Abstract
Far from being historically considered a primary healthcare problem, tricuspid regurgitation (TR) has recently gained much attention from the scientific community. In fact, in the last years, robust evidence has emerged regarding the epidemiological impact of TR, whose prevalence seems to be similar to that of other valvulopathies, such as aortic stenosis, with an estimated up to 4% of people >75 years affected by at least moderate TR in the United States, and up to 23% among patients suffering from heart failure with reduced ejection fraction. This recurrent coexistence of left ventricular systolic dysfunction (LVSD) and TR is not surprising, considered the multiple etiologies of tricuspid valve disease. TR can complicate heart failure mostly as a functional disease, because of pulmonary hypertension (PH), subsequent to elevated left ventricular end-diastolic pressure, leading to right ventricular dilatation, and valve tethering. Moreover, the so-called “functional isolated” TR can occur, in the absence of PH, as a result of right atrial dilatation associated with atrial fibrillation, a common finding in patients with LVSD. Finally, TR can result as a iatrogenic consequence of transvalvular lead insertion, another frequent scenario in this cohort of patients. Nonetheless, despite the significant coincidence of these two conditions, their mutual relation, and the independent prognostic role of TR is still a matter of debate. Whether significant TR is just a marker for advanced left-heart disease, or a crucial potential therapeutical target, remains unclear. Aim of the authors in this review is to present an update concerning the epidemiological features and the clinical burden of TR in the context of LVSD, its prognostic value, and the potential benefit for early tricuspid intervention in patients affected by contemporary TR and LVSD.
Highlights
The long-time accepted idea that tricuspid regurgitation (TR) is a benign valvular condition has been deeply rebutted by almost one decade of insights into its epidemiological and clinical implication
The question concerning the prognostic role of TR in the natural history of left ventricular systolic dysfunction (LVSD) has been debated for decades, only in the recent years we have gained a significant amount of evidences, with well-designed studies across most of the various clinical scenarios, that could help dealing with our initial dilemma: does TR represent just a marker for advanced myocardial disease, or is it an independent cause of the adverse outcome and a potential therapeutic target?
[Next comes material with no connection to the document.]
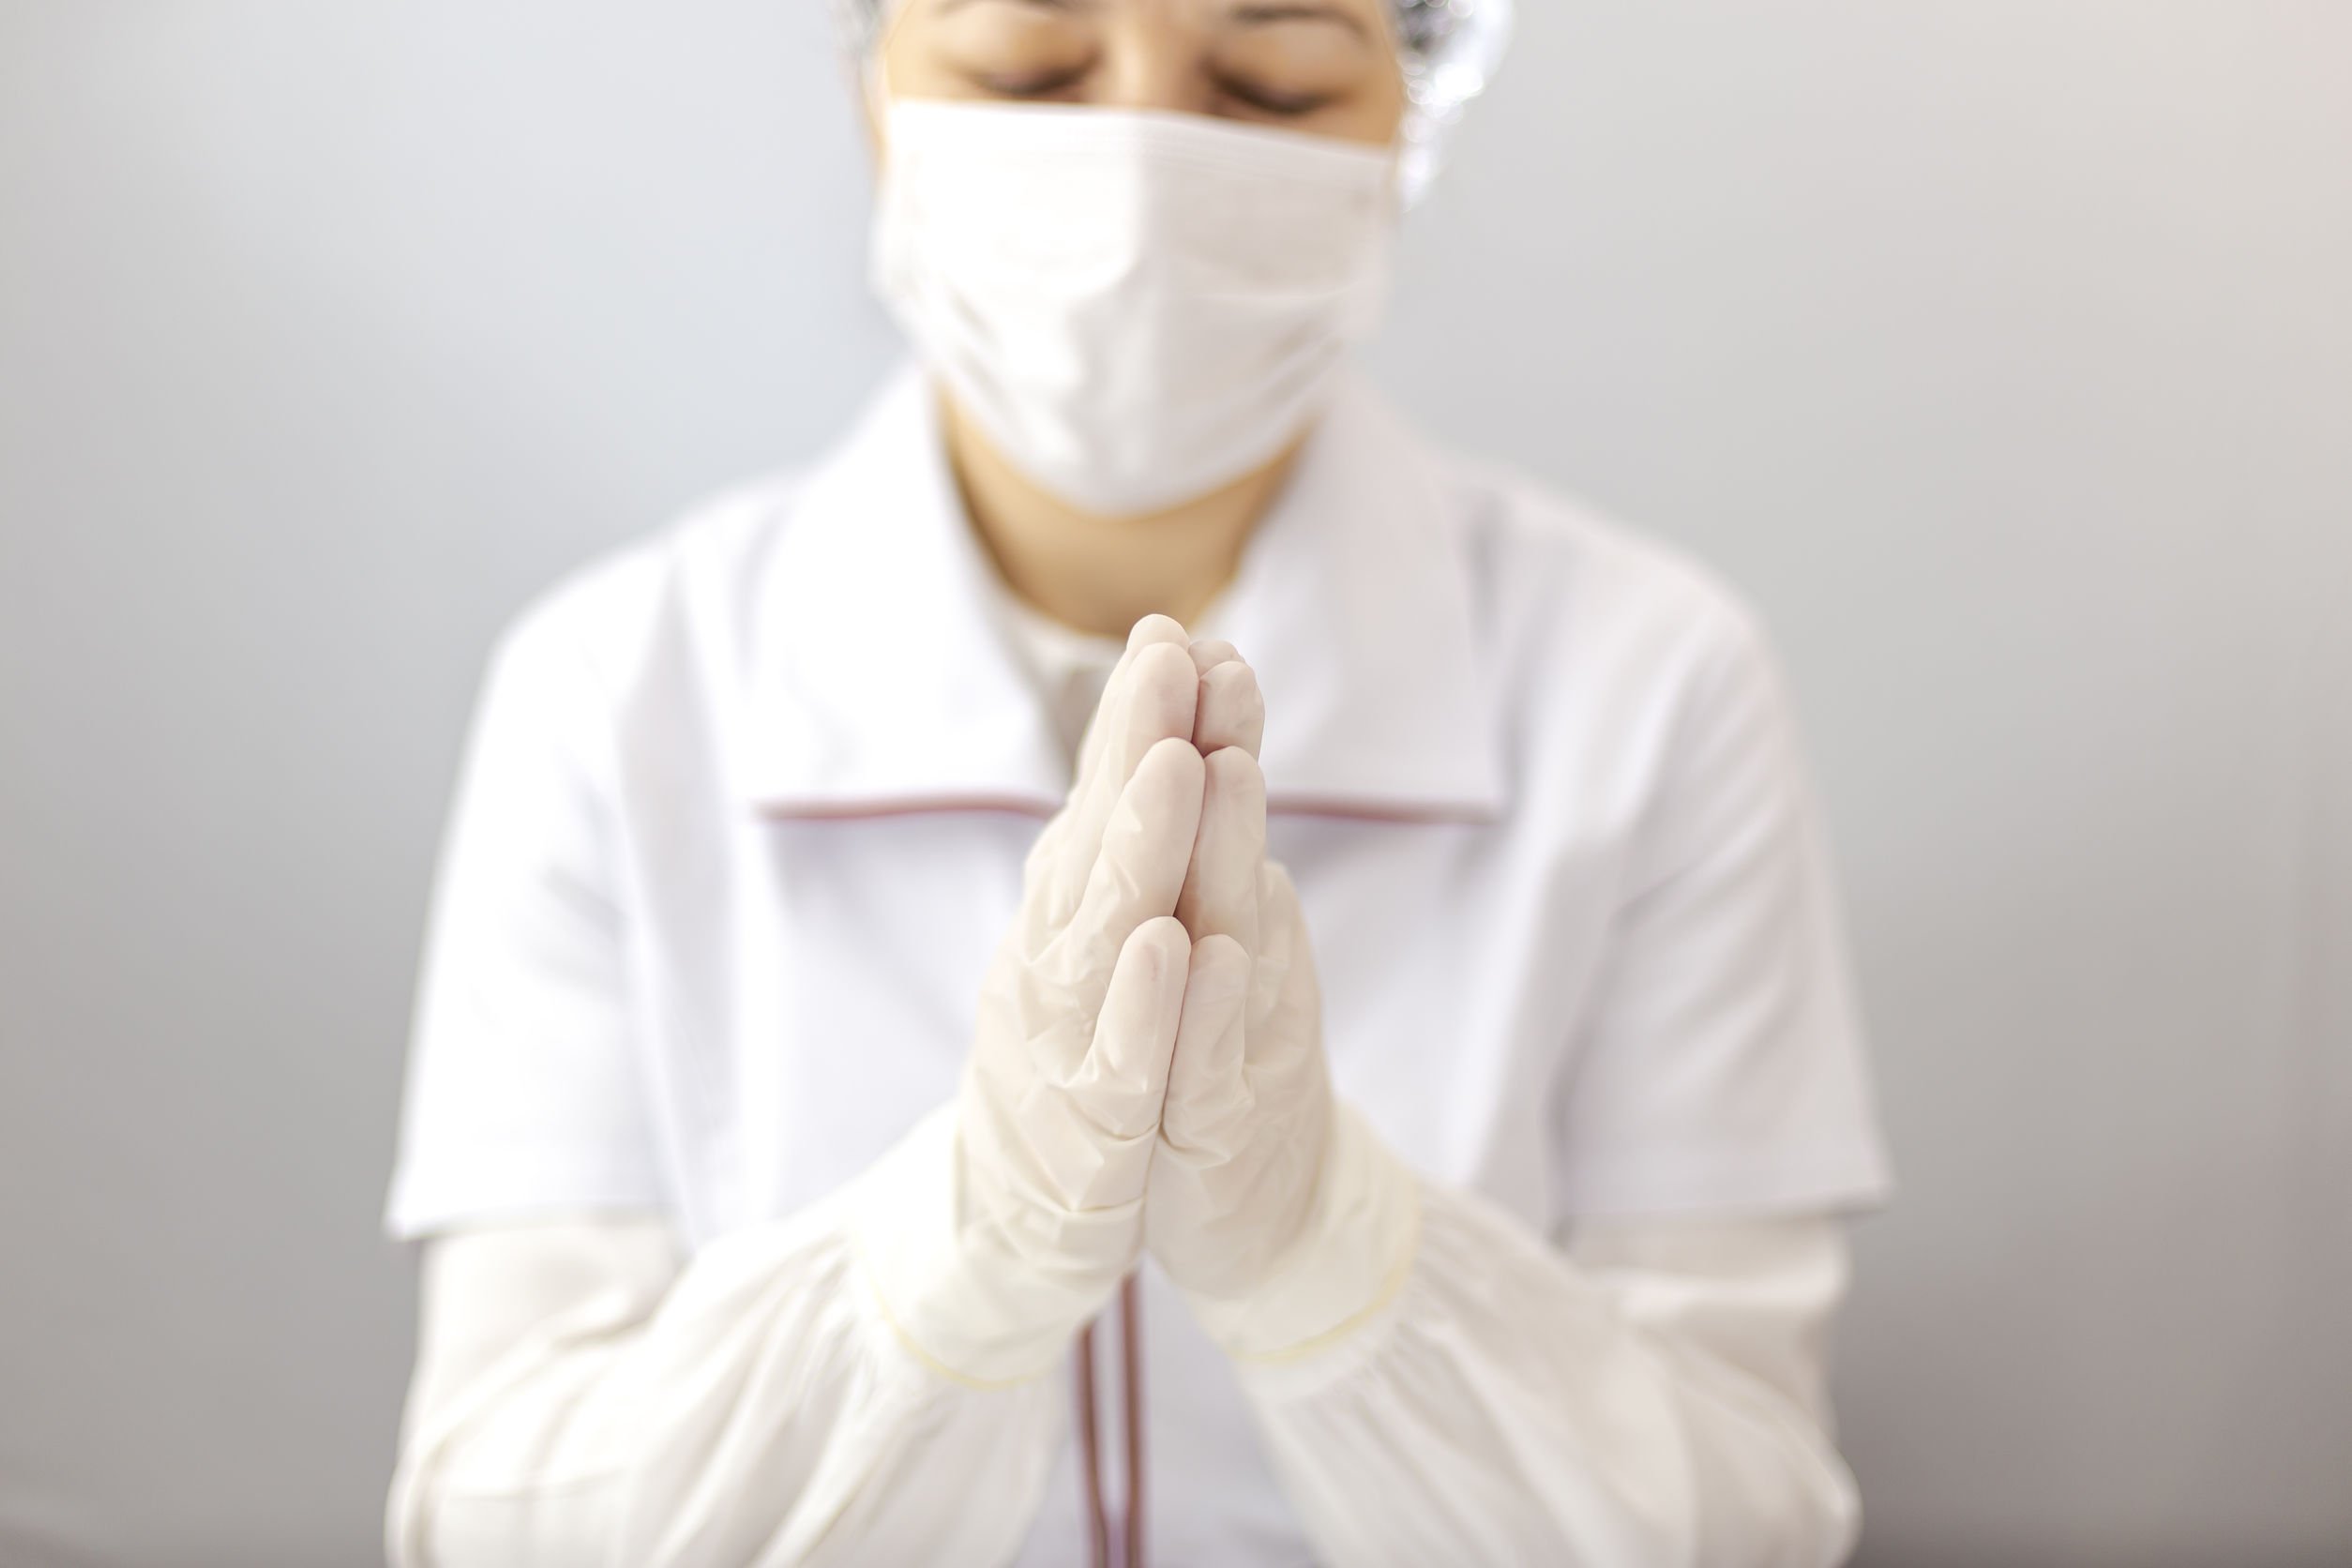 Médica usando touca, luvas e máscara, com as mãos unidas, orando
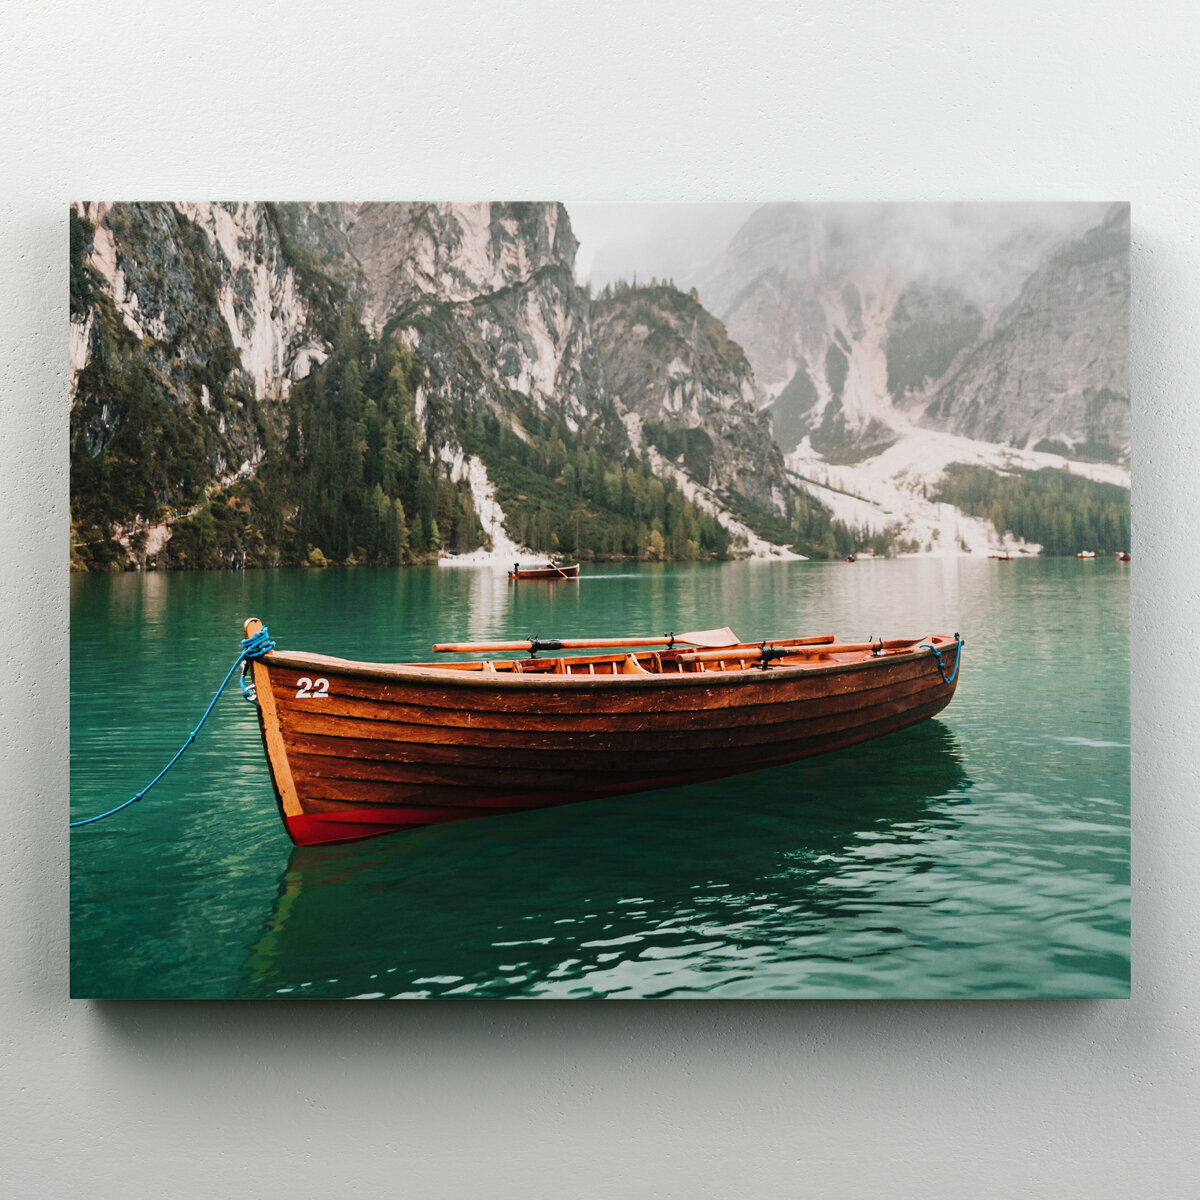 Интерьерная картина на холсте "Лодка в бирюзовом озере" в скандинавском стиле, 40x30 см

The answer may not be univocal
The authors have demonstrated that the prognostic role of TR may depend upon the stage of HF, as their prospective long-term observational study on 576 consecutive patients revealed that TR was significantly related with the combined endpoint of death/heart transplantation/left ventricular-assist device implantation in patients suffering from mild or moderate LVSD (HR 1.368, CI 1.070–1.748, p = 0.0125) but not in those with severe LVSD
Summary
In the last years, robust evidence has emerged regarding the epidemiological impact of TR, whose prevalence seems to be similar to that of other valvulopathies, such as aortic stenosis, with an estimated up to 4% of people >75 years affected by at least moderate TR in the United States, and up to 23% among patients suffering from heart failure with reduced ejection fraction. This recurrent coexistence of left ventricular systolic dysfunction (LVSD) and TR is not surprising, considered the multiple etiologies of tricuspid valve disease.